Given data -

━━━━━━━━━━━━━━━━━━━━

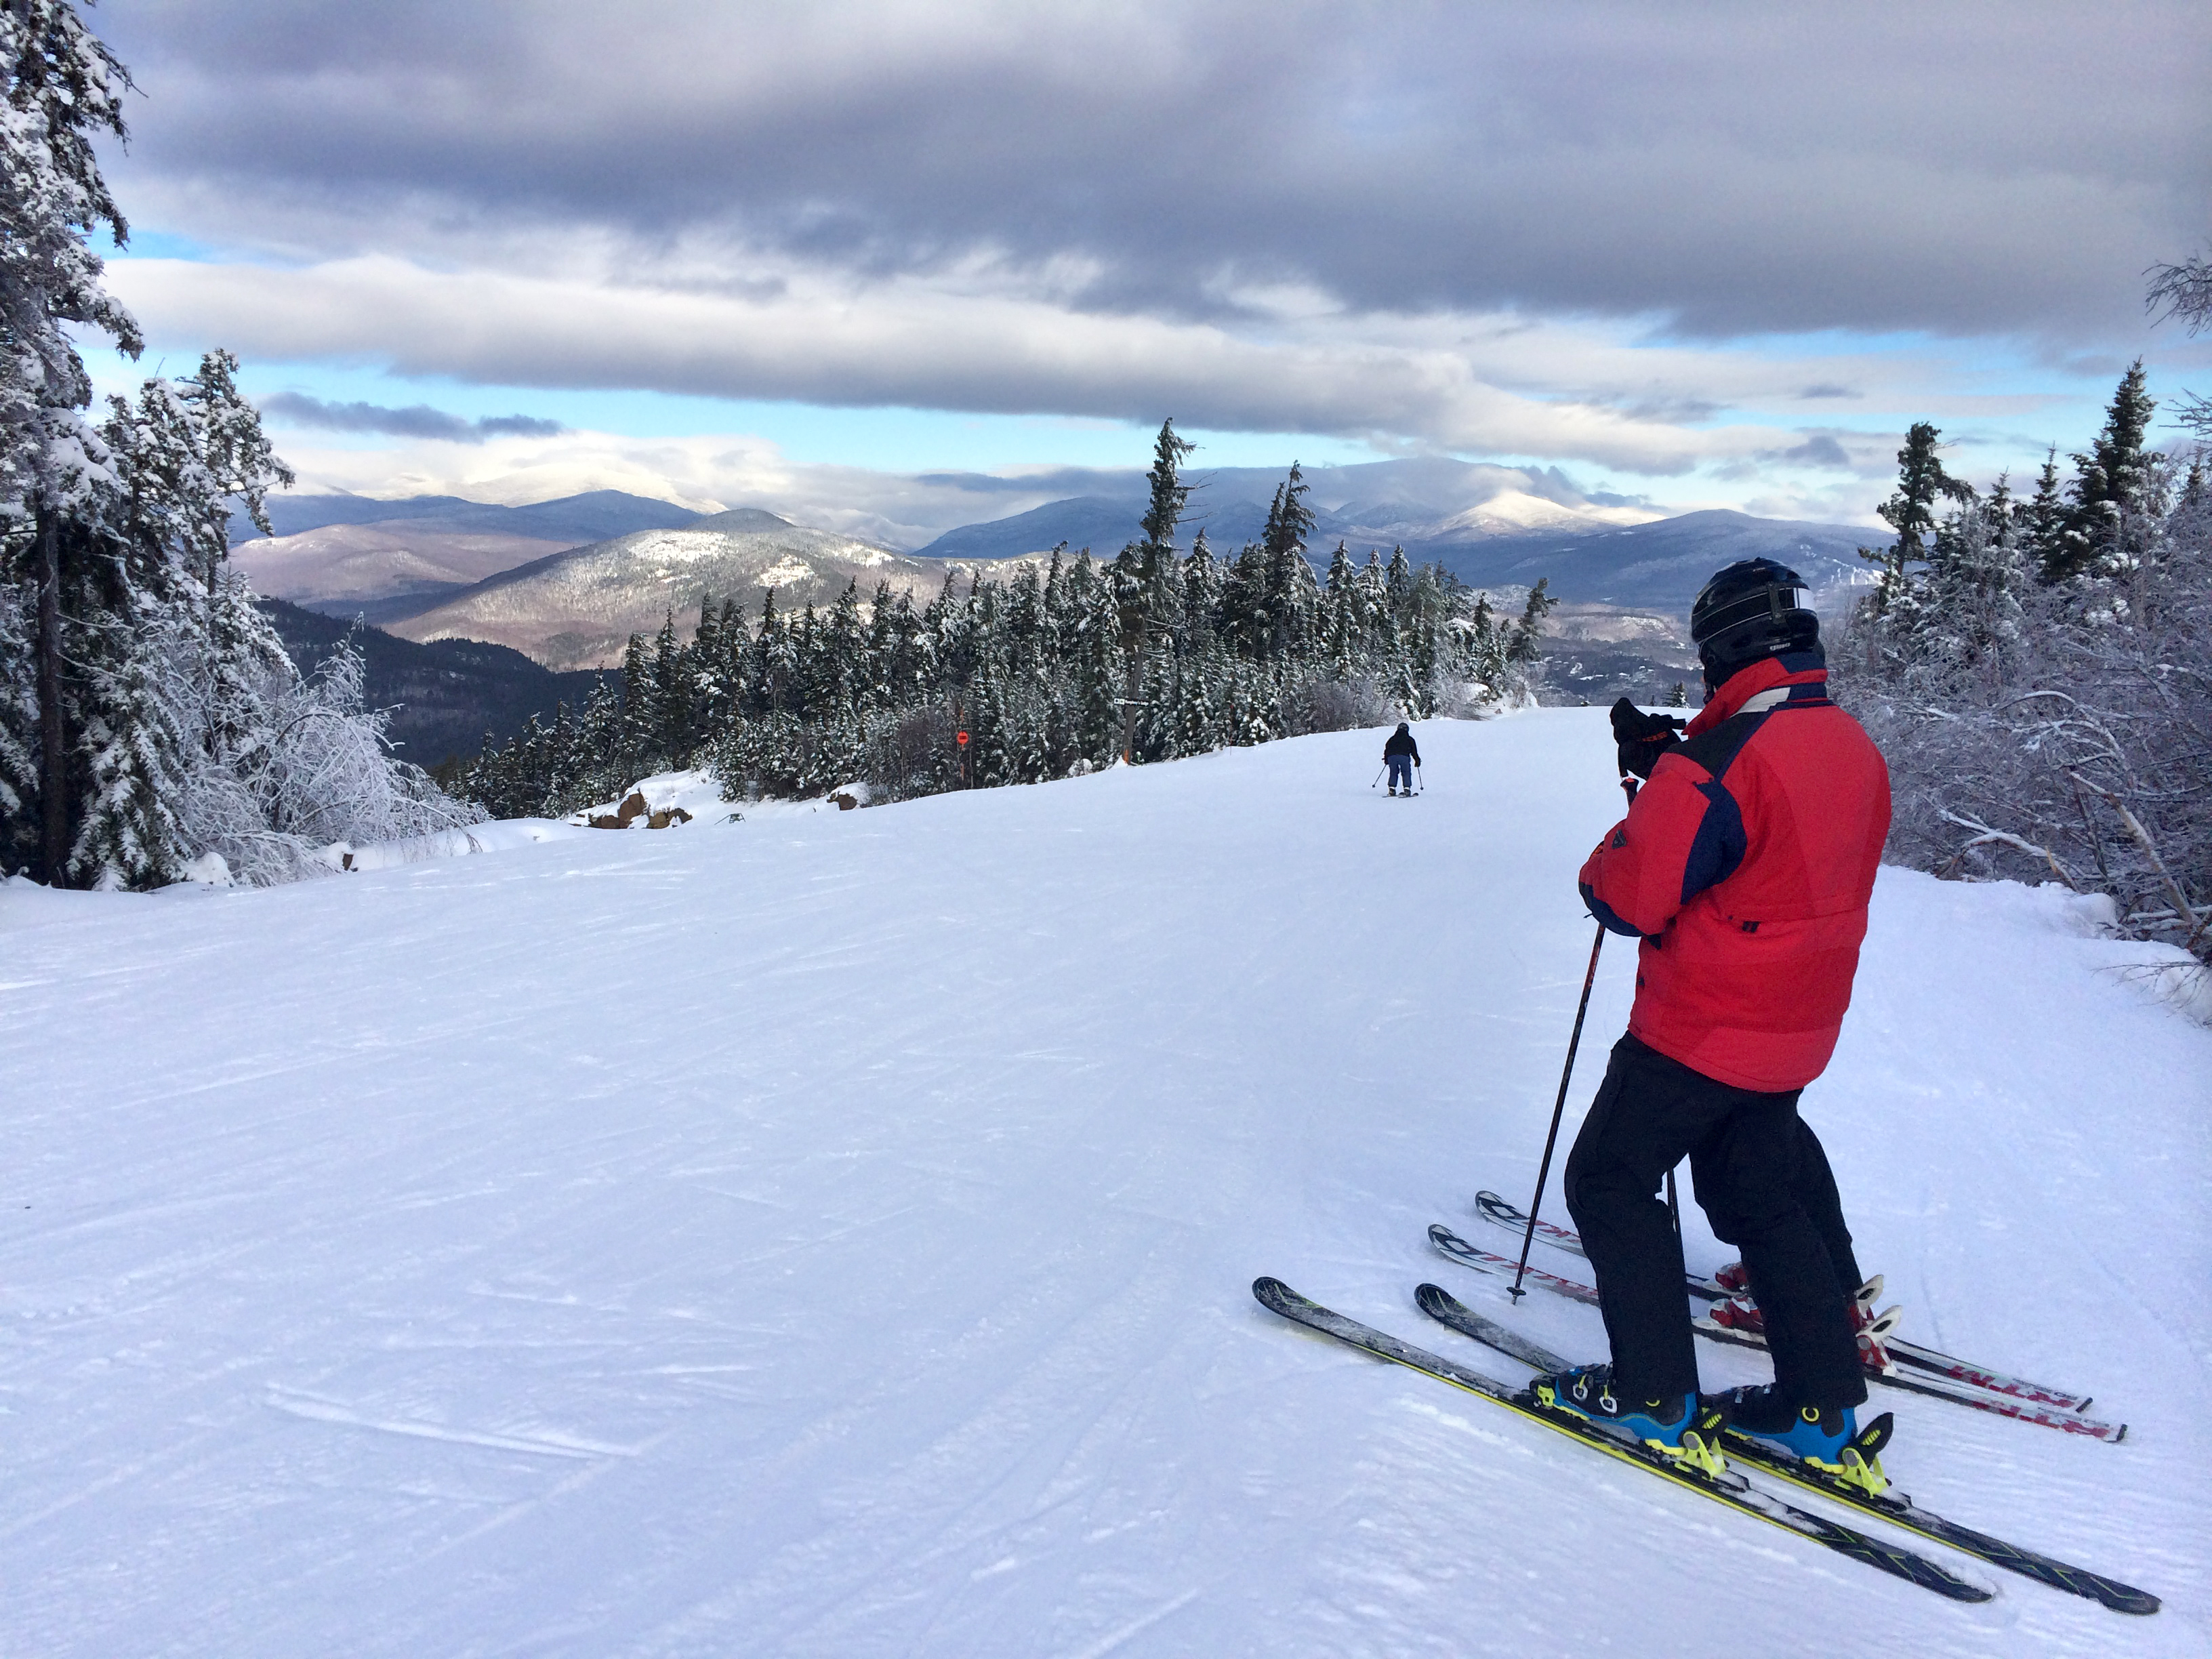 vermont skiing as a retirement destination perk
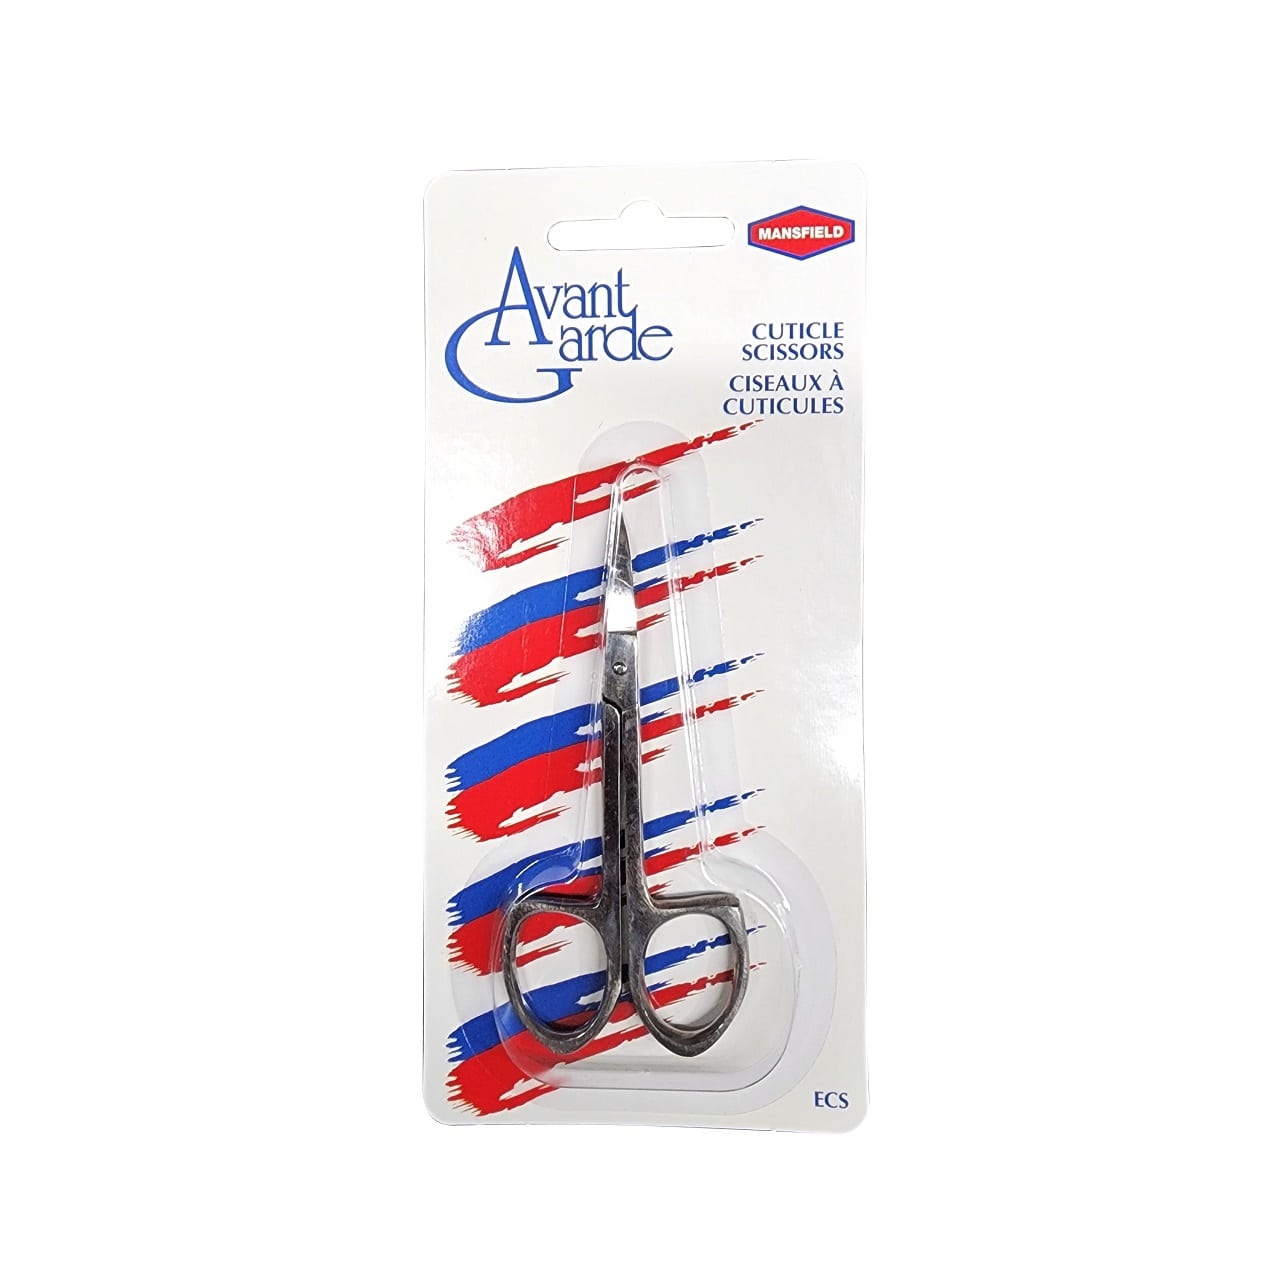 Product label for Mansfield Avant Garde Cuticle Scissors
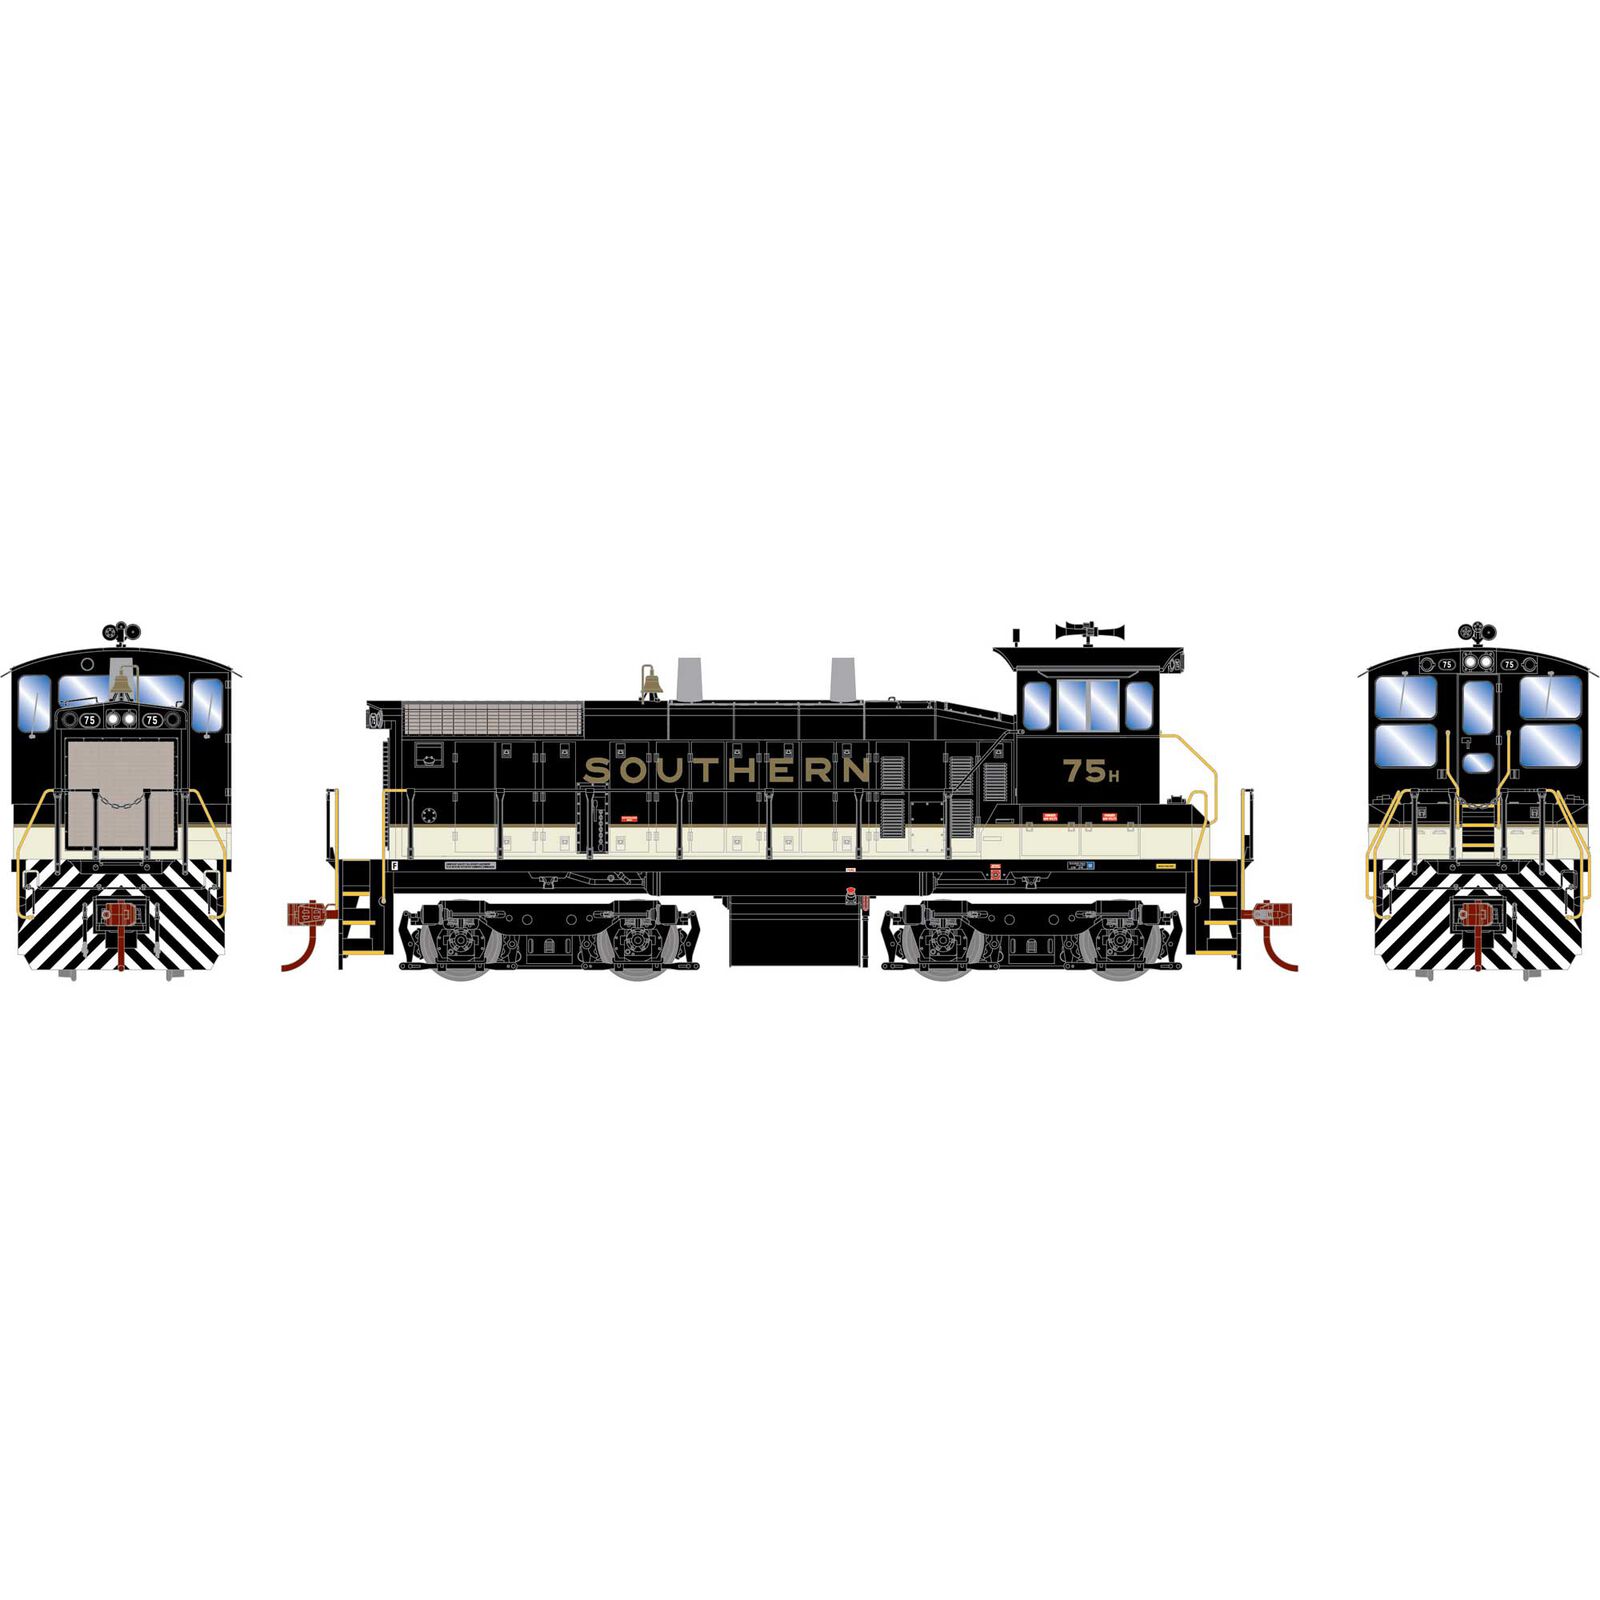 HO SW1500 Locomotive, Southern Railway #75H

━━━━━━━━━━━━━━━━━━━━

Work instruction -
Print the listing again exactly as it appears, except for the pictures, which stay out.

Problem solution -
 vermont skiing as a retirement destination perk
 Product label for Mansfield Avant Garde Cuticle Scissors
 HO SW1500 Locomotive, Southern Railway #75H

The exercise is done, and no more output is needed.